--- What the task requires ---
All lines from the one containing "Rembrandt van Rijn, Self" to the end of the listing below should be output exactly; omit the pictures.

--- Data excerpt ---
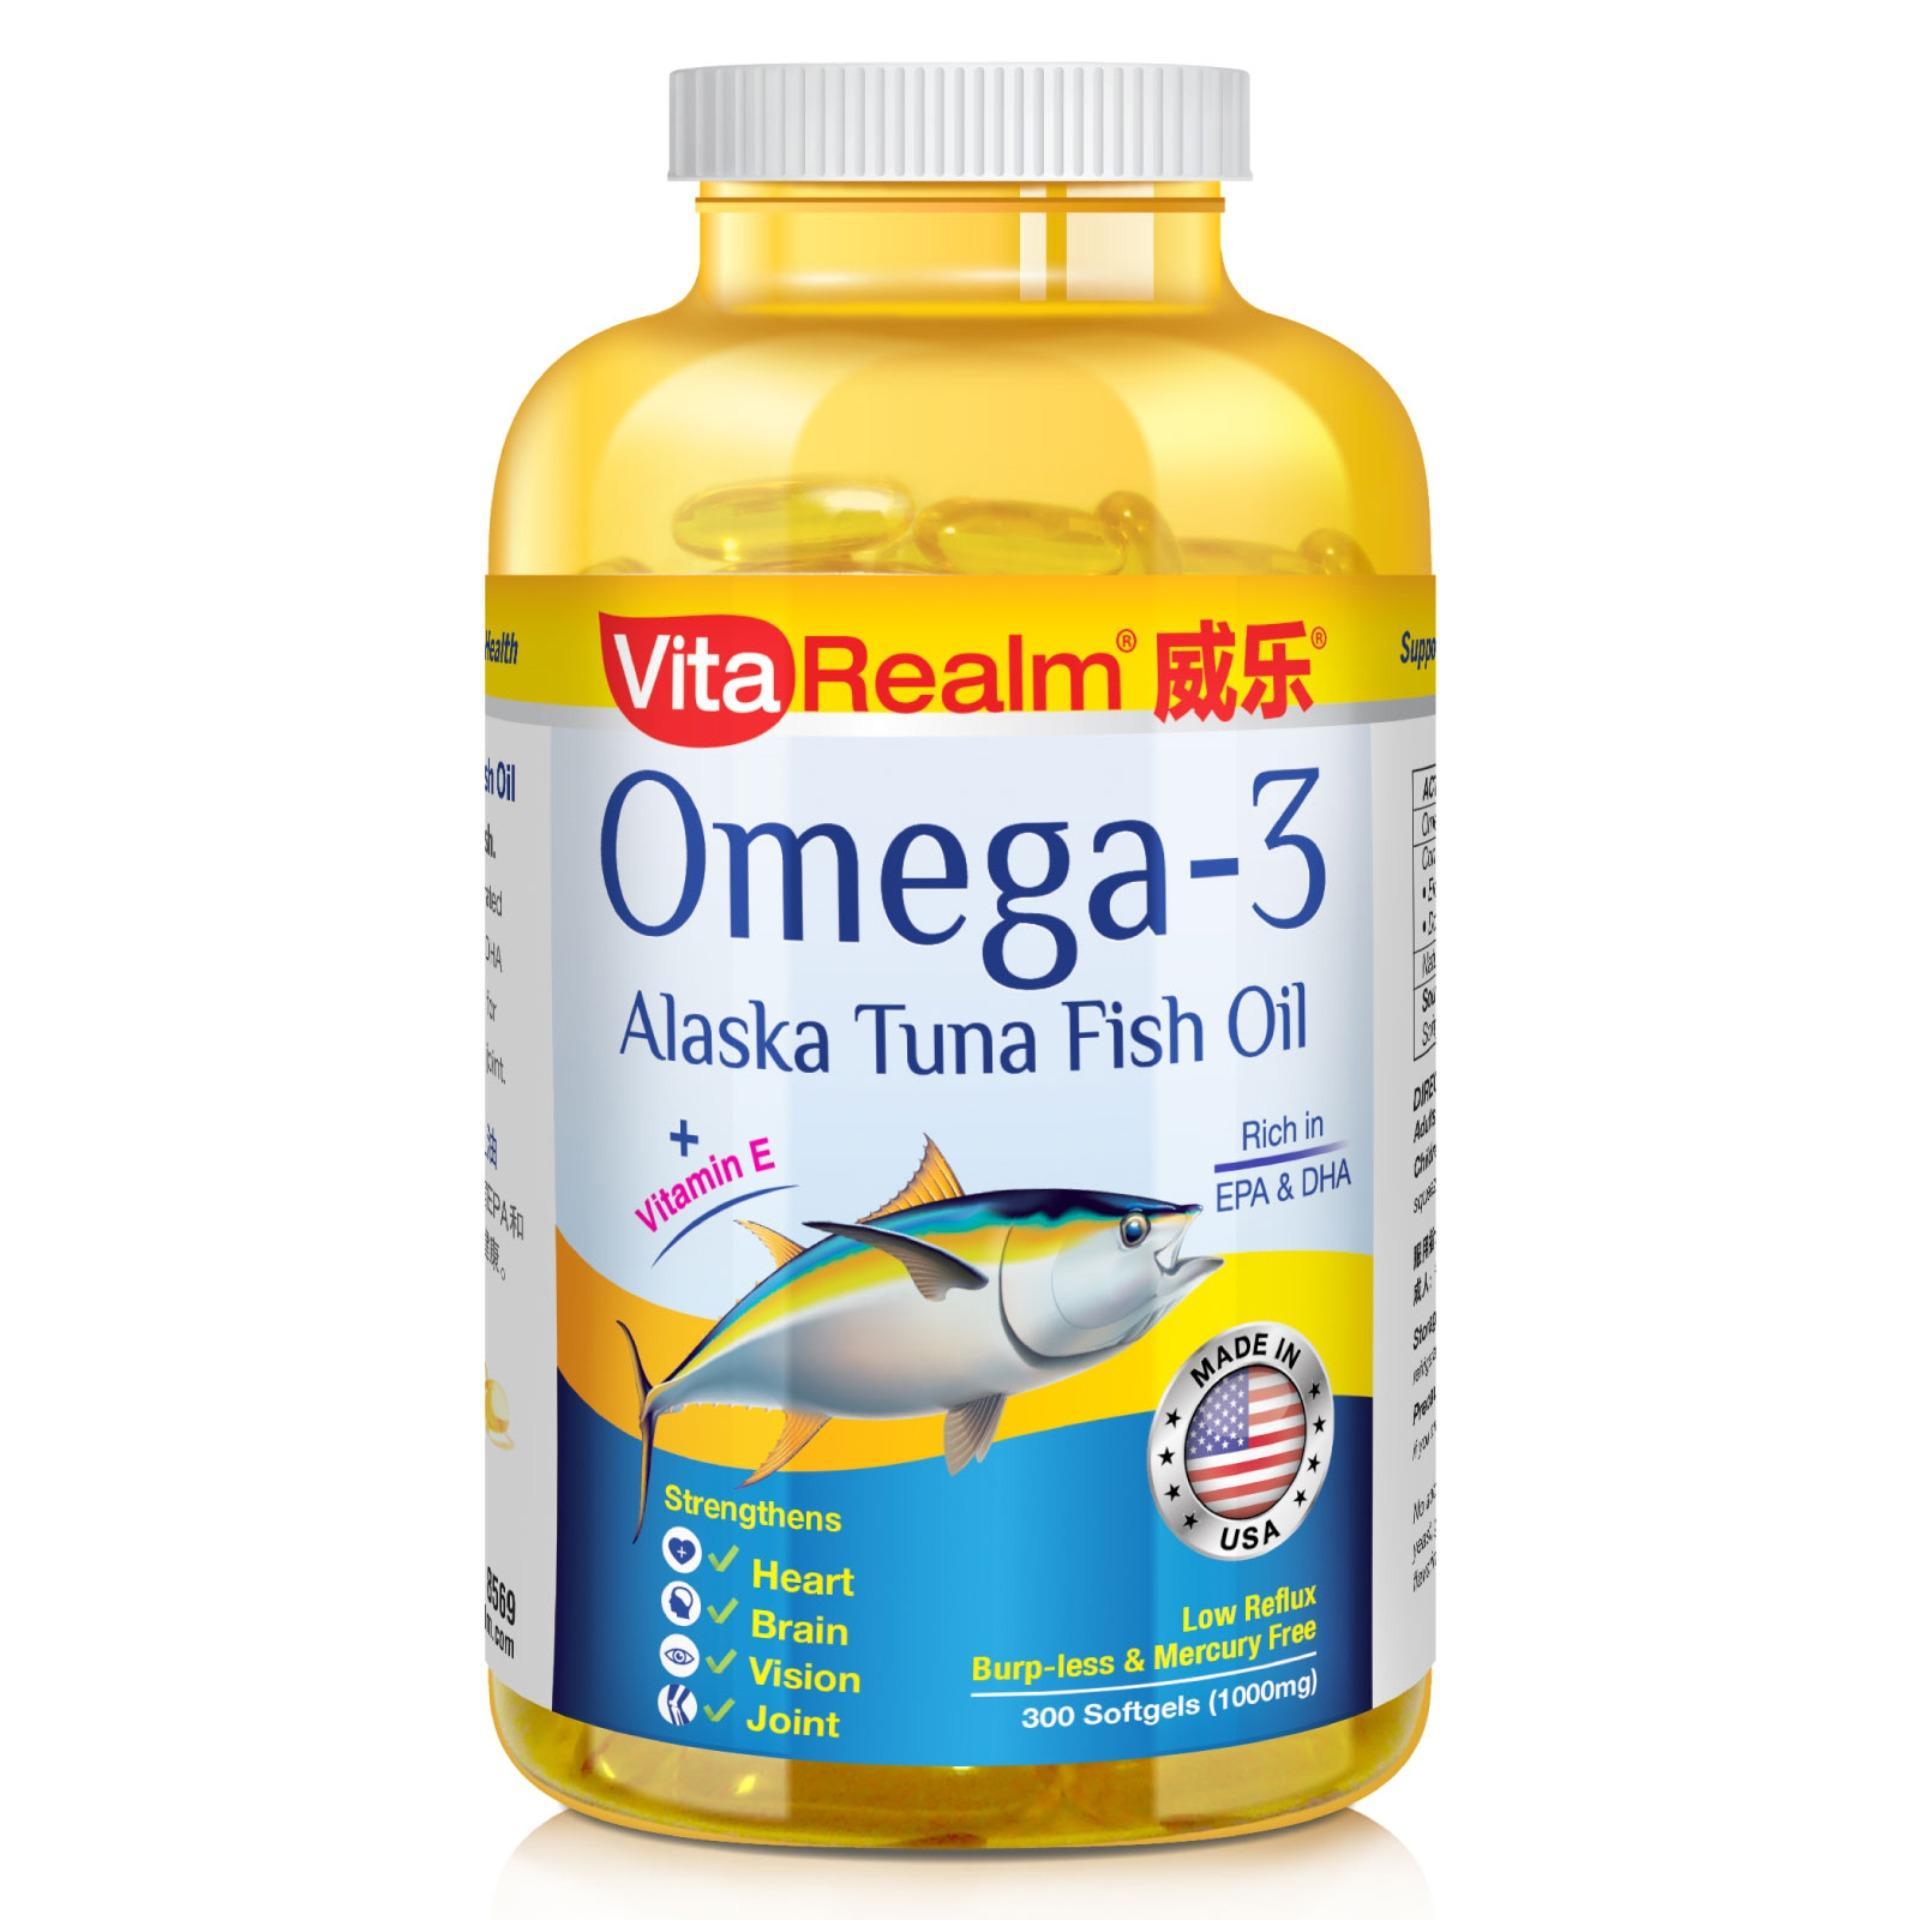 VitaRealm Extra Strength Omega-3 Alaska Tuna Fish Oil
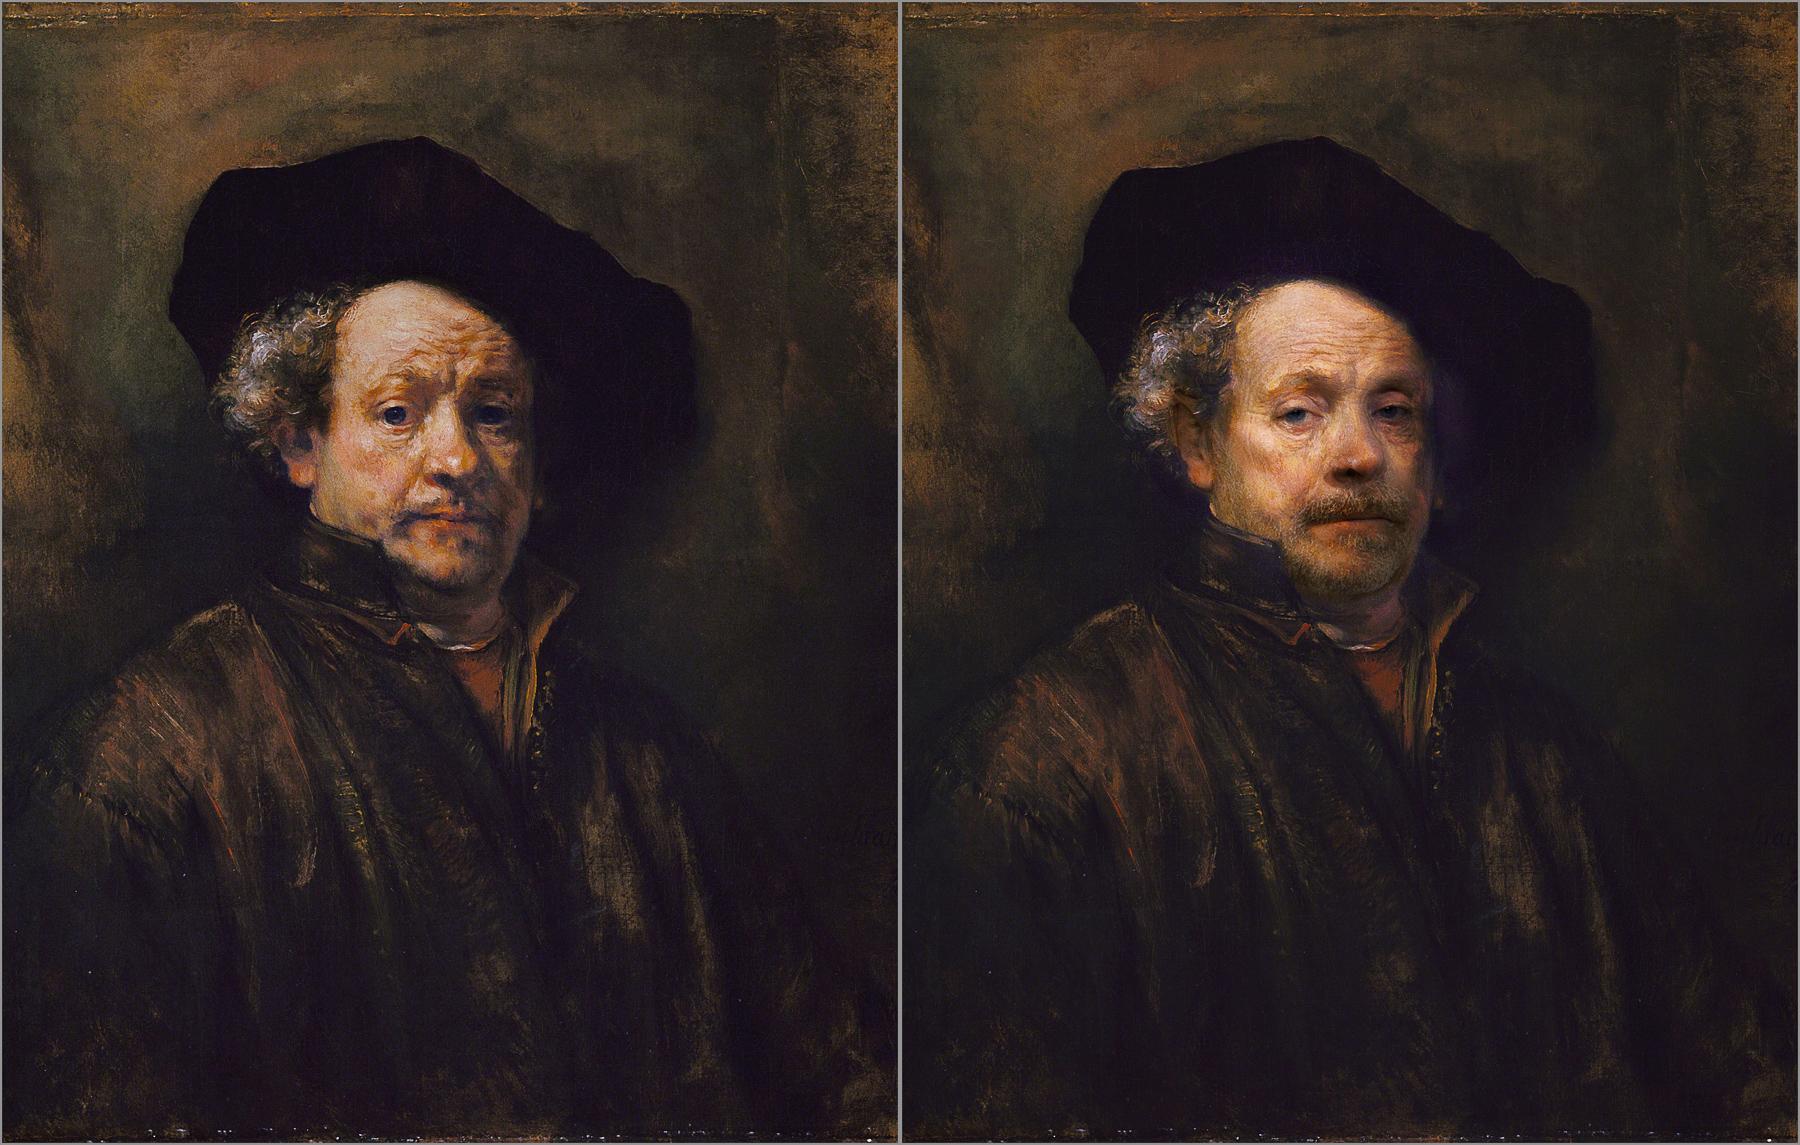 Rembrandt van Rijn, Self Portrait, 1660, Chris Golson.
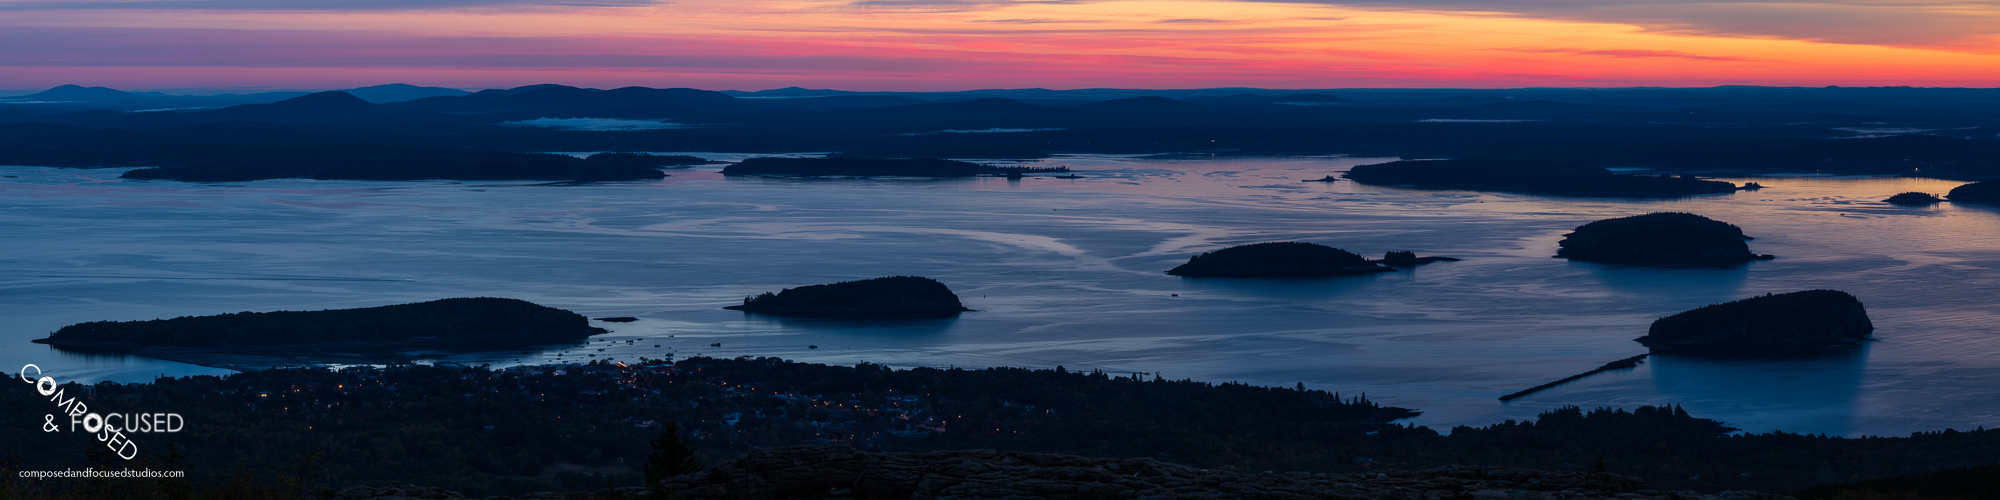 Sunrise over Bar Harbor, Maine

--- Reply ---
 Rembrandt van Rijn, Self Portrait, 1660, Chris Golson.
 Sunrise over Bar Harbor, Maine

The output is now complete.